English: Analysis: A few jabs, but no knockout in first debate
Slovak: Analýza: Za pár popíchnutí, ale žiadna kokot nedved v prvom diskusie

OK, my praise of syntax handling now sounds premature, since in "v prvom diskusie", neither the noun nor the ordinal numeral are declined properly (it should be "v prvej diskusii"), but that's not the interesting bit. That rests with the translation of the word "knockout": "kokot nedved". "Kokot" = "dick, prick" is of course the basic Slovak insult for a man, for more information see here. It is also a very vulgar term, rarely seen in print or heard on the airwaves, so its appearance here will not only ellicit a chuckle for its own sake, but also the question of just what corpus was Google using in training the MT engine. The web, sure, but I can't think of any sufficiently large bilingual corpus where that word would crop up.
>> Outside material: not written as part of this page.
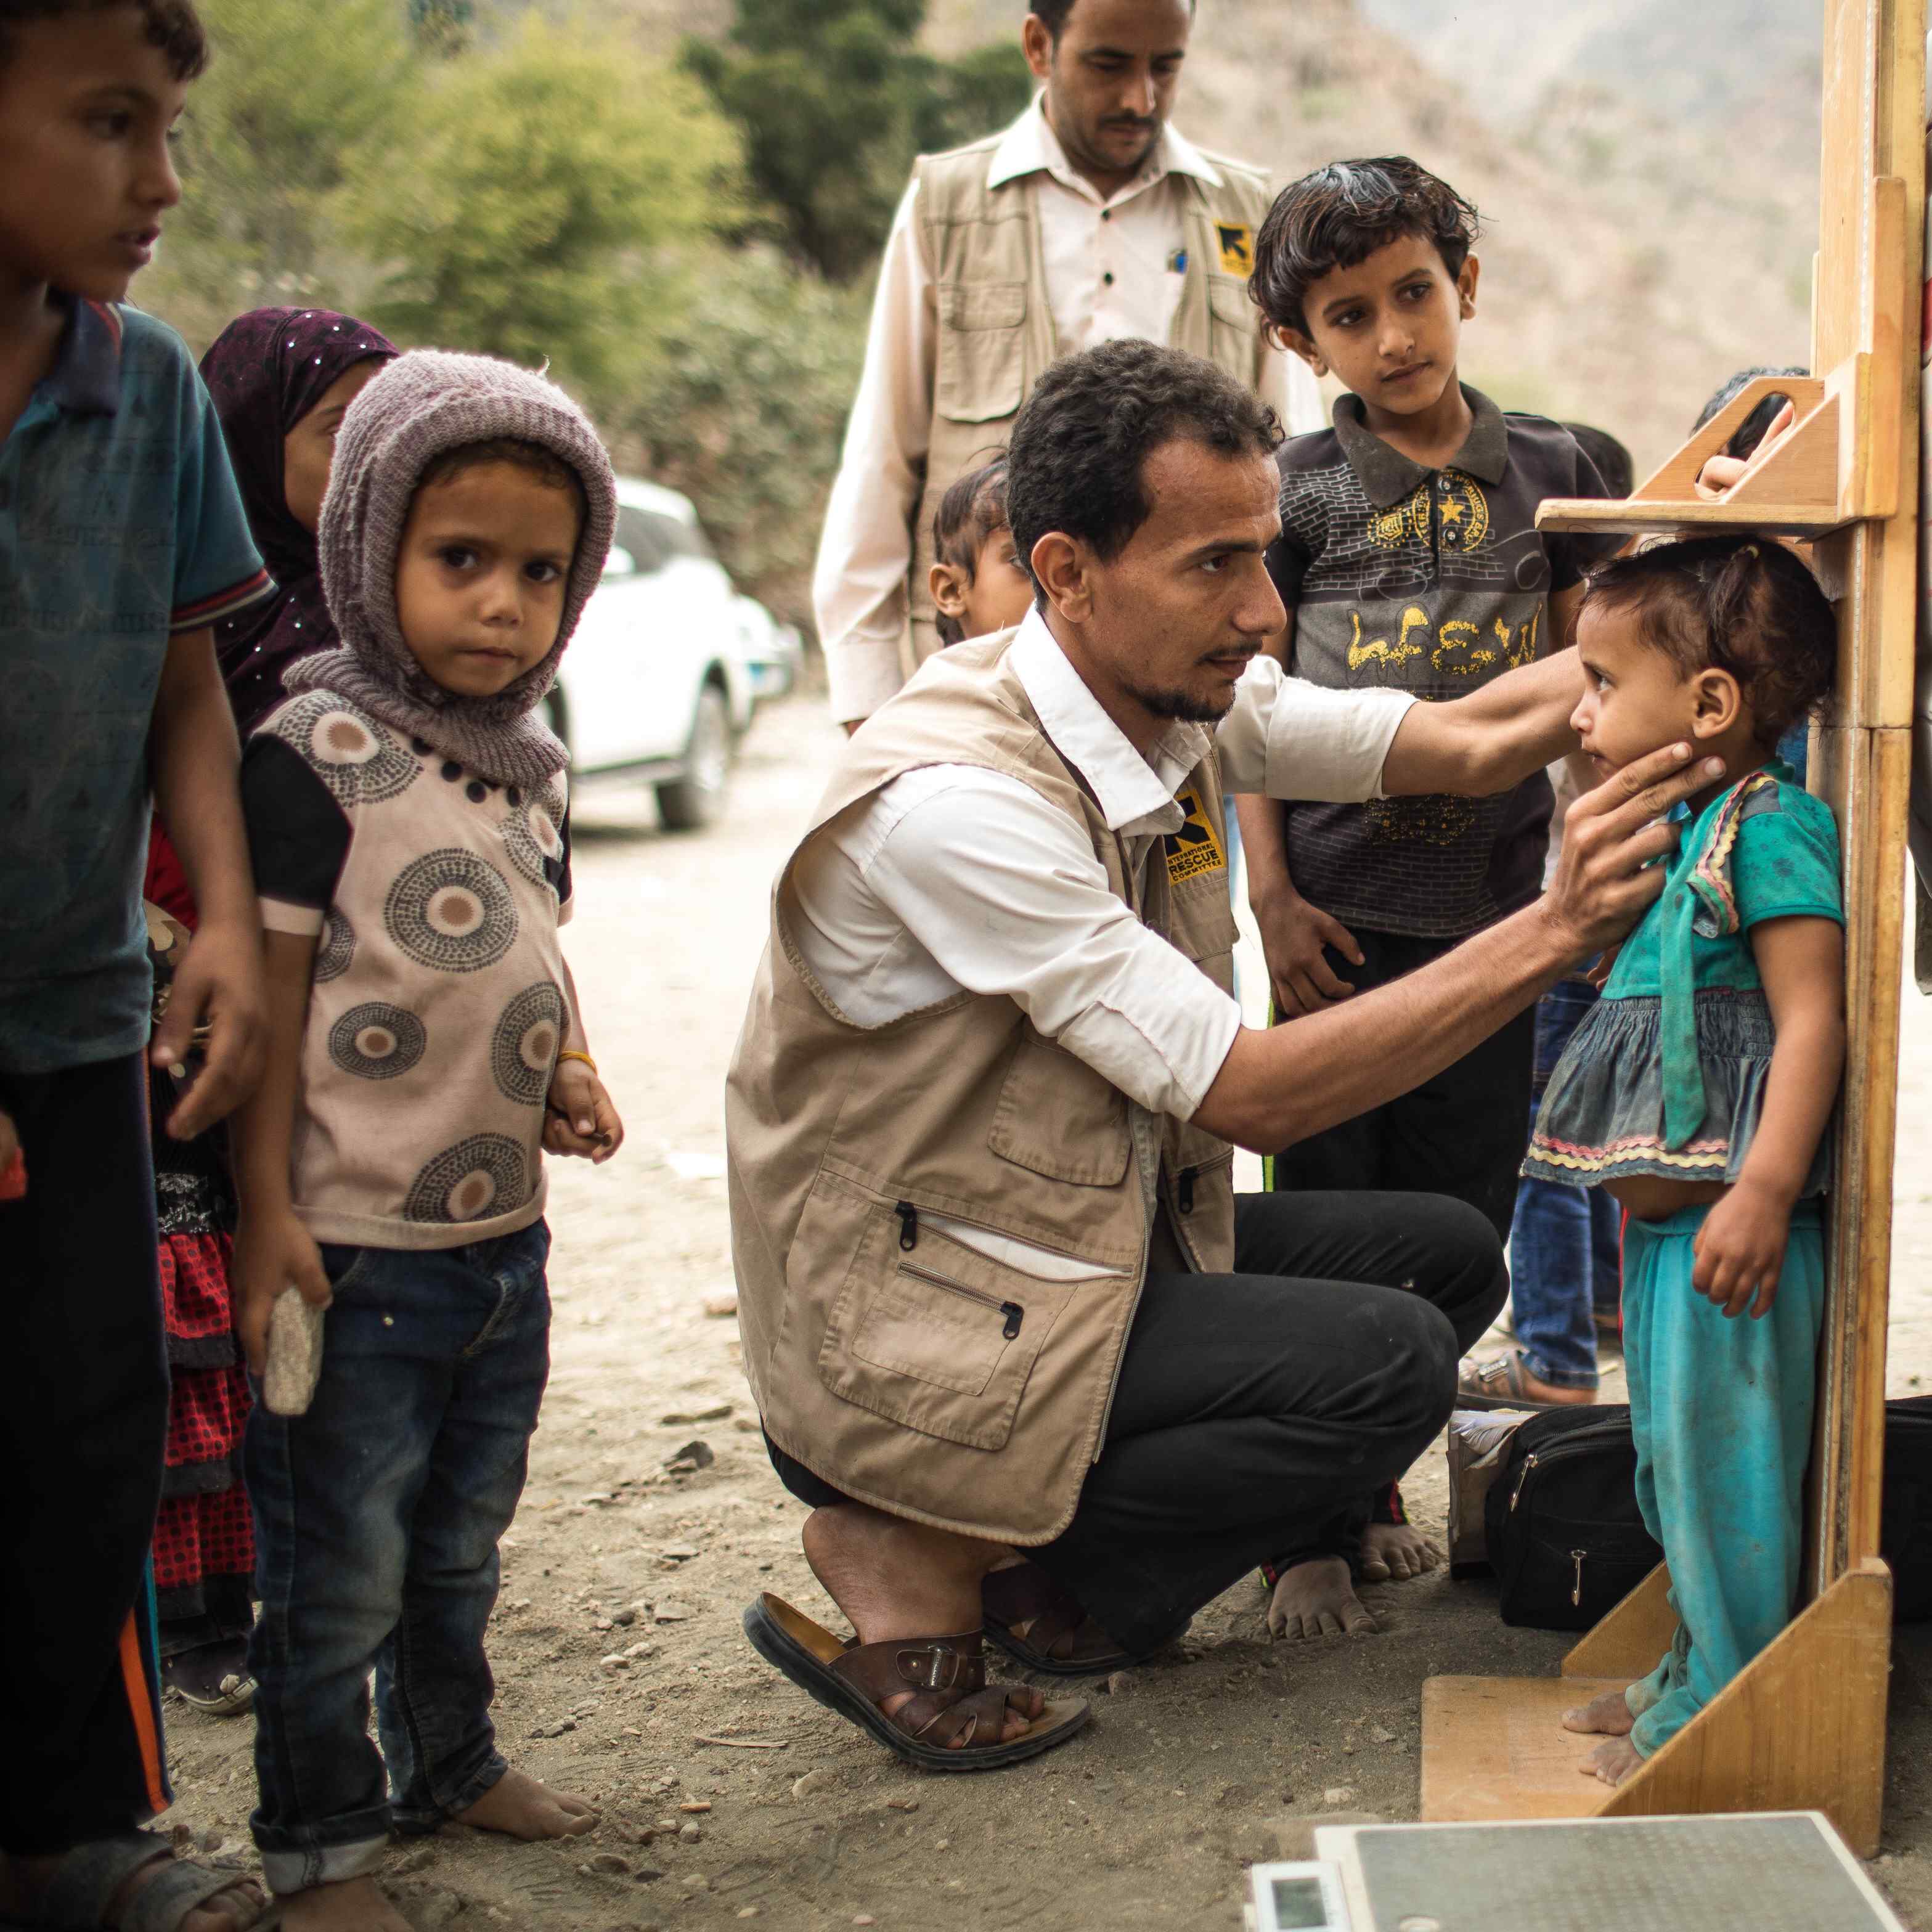 IRC 이동진료소의한남성의료진이예멘의외딴산지마을에서영양실조 징후를보이는아동을진찰하고, 다른아동들이그장면을지켜보고있습니다.

And that question is even more justified with the second part of the translation: what the hell is a "nedved"? The only word that even comes close is the Czech surname Nedvěd which is a form of "medvěd" = "bear". There are a few people with that name with a significance presence on the web to be included in a web corpus, like the football player Pavel Nedvěd, the hockey player Petr Nedvěd and the folk singers Jan (Honza) and František Nedvěd. But how did their name get into the translation for "knockout"? "Knockout" ("knokaut" in Slovak) is a sports term, but I know of no boxer by the name of Nedvěd. Then again, football and hockey players as fellow athletes could probably fit the bill. That still leaves the question of how did this Czech word get into a translation into Slovak. And it's not the only one - if you look at the screenshot, you will see at least three more words clearly identifiable as Czech (highlighted in green):

- "štípnout" for "tweak" - Slovak: "upraviť, vyladiť"; "štípnout" = "pinch, sting", slang: "steal", although one of my dictionaries gives "štípnout" for tweak" without any further context or explanation.
- "slíbený" for "vowed" - Slovak: "sľúbený". Note that this is a past participle while the original has "vowed" as a past tense verb.
- "poldové" for "cops" - Slovak: "policajti", slang: "fízli". Note the context mismatch: both "poldové" and "fízli" is stylistically marked and not very likely to appear in a newspaper save perhaps for direct quotes.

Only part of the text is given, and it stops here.